As it stands, Slack’s helper bot is rather simplistic. It can answer basic questions about how to use Slack, and can allow you to set reminders or searches through the help system for you to find relevant information. It’s handy, but hardly versatile. The idea behind the Watson implementation is to broadly increase its functionality.

Related: Watson makes its debut in the U.S. Open mobile app, making tennis fans smarter than ever

It will become more capable of answering complex queries, and will enable the chatbot’s communications to appear more lifelike and conversational (thanks Engadget).

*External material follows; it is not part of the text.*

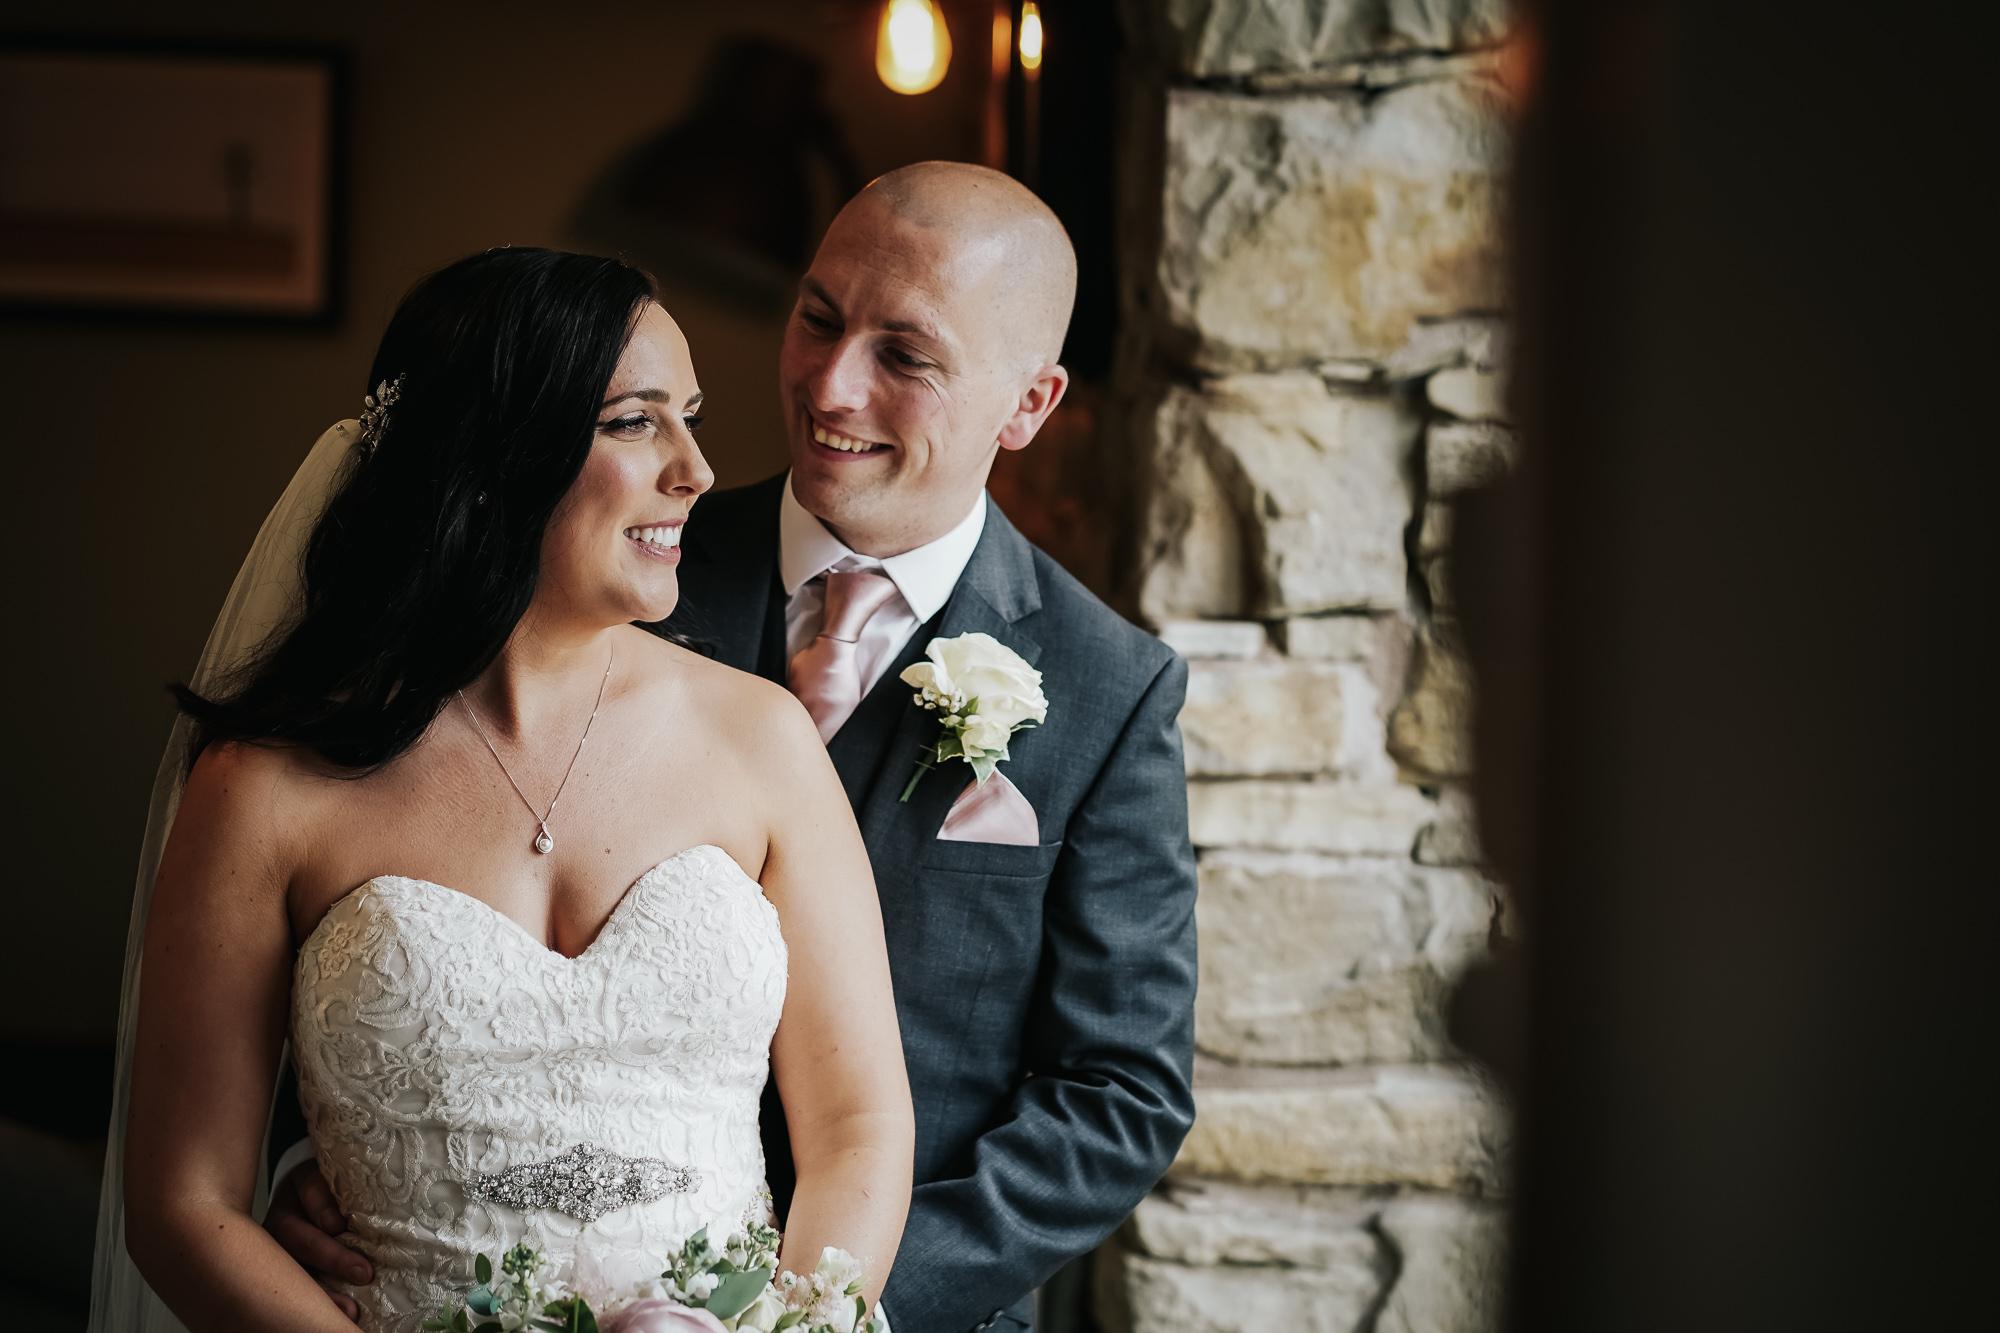 Hyde Bank Farm Wedding Photography Manchester wedding photographer (35 of 49).jpg
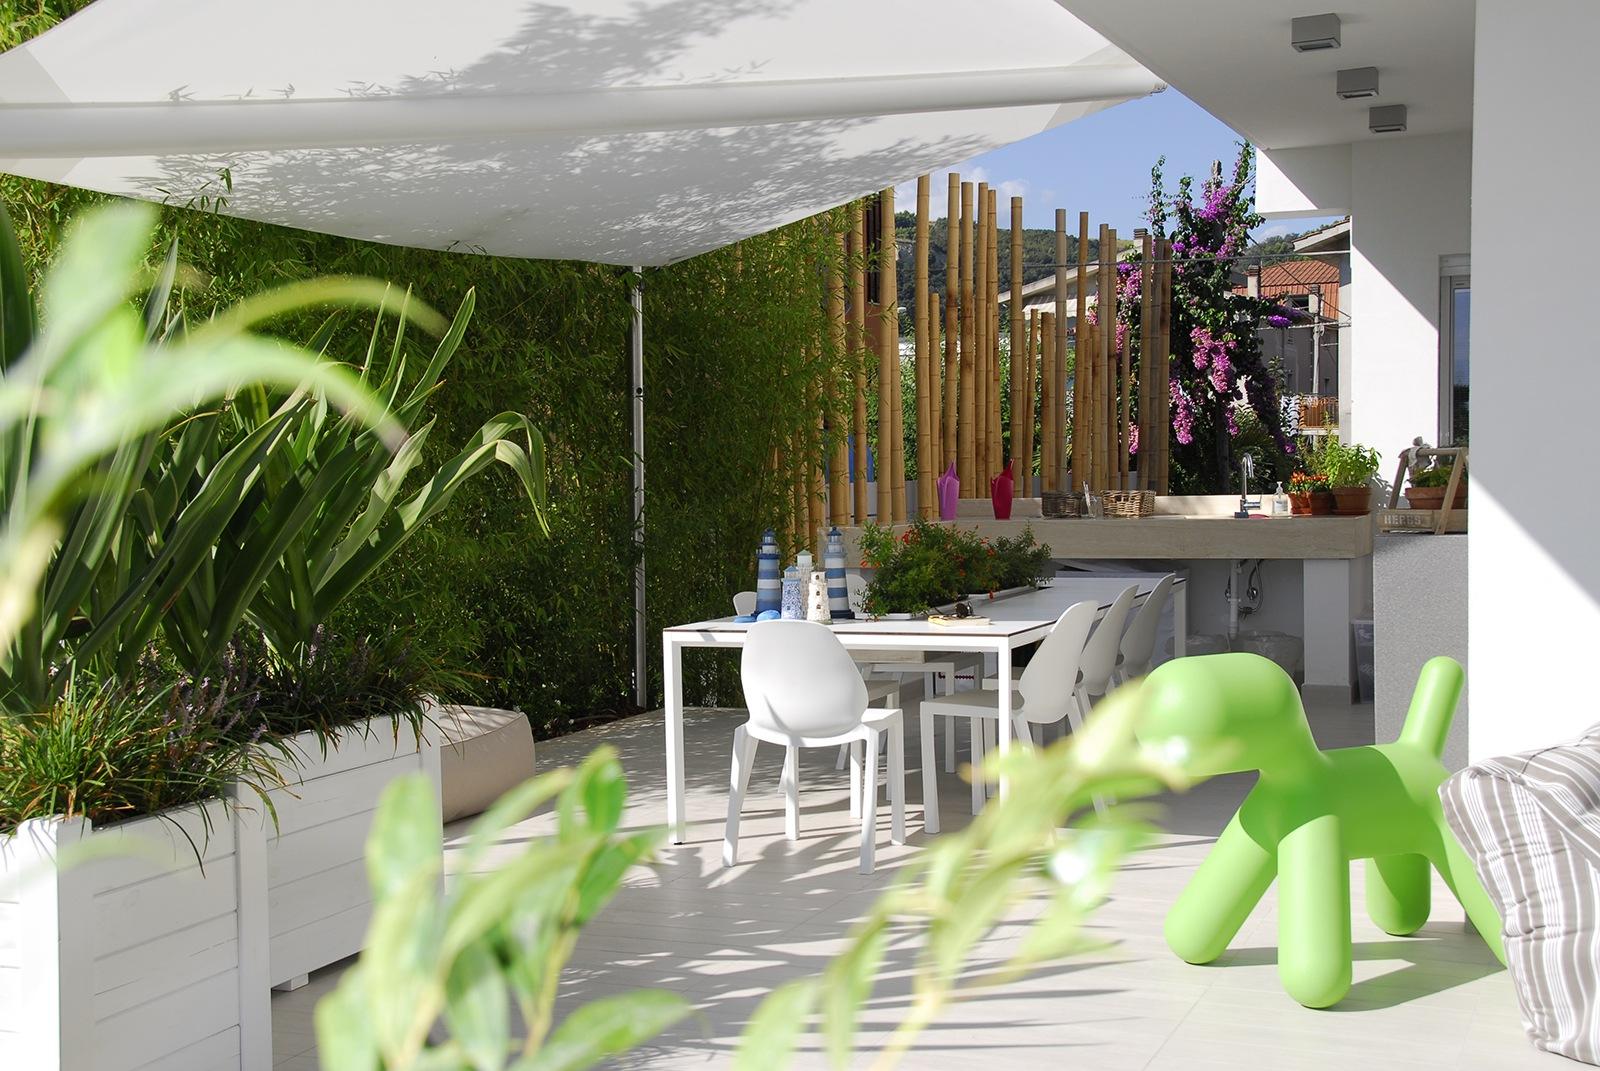 Cool with giardini moderni design - Design giardini ...

This is just the start of Watson’s global rollout. After the Slackbot has been upgraded with its new intelligence suite, Slack and IBM will share their findings with other developers, making it possible for anyone to use the Watson Conversation API. That way, any number of developers can create new and intelligent chatbots.

IBM is already working on a new chatbot that could act as a network administrator of sorts, answering questions outages, network integrity, and more. This should take some of the load off of real network administrators, and also provide better and faster information to those who might need it.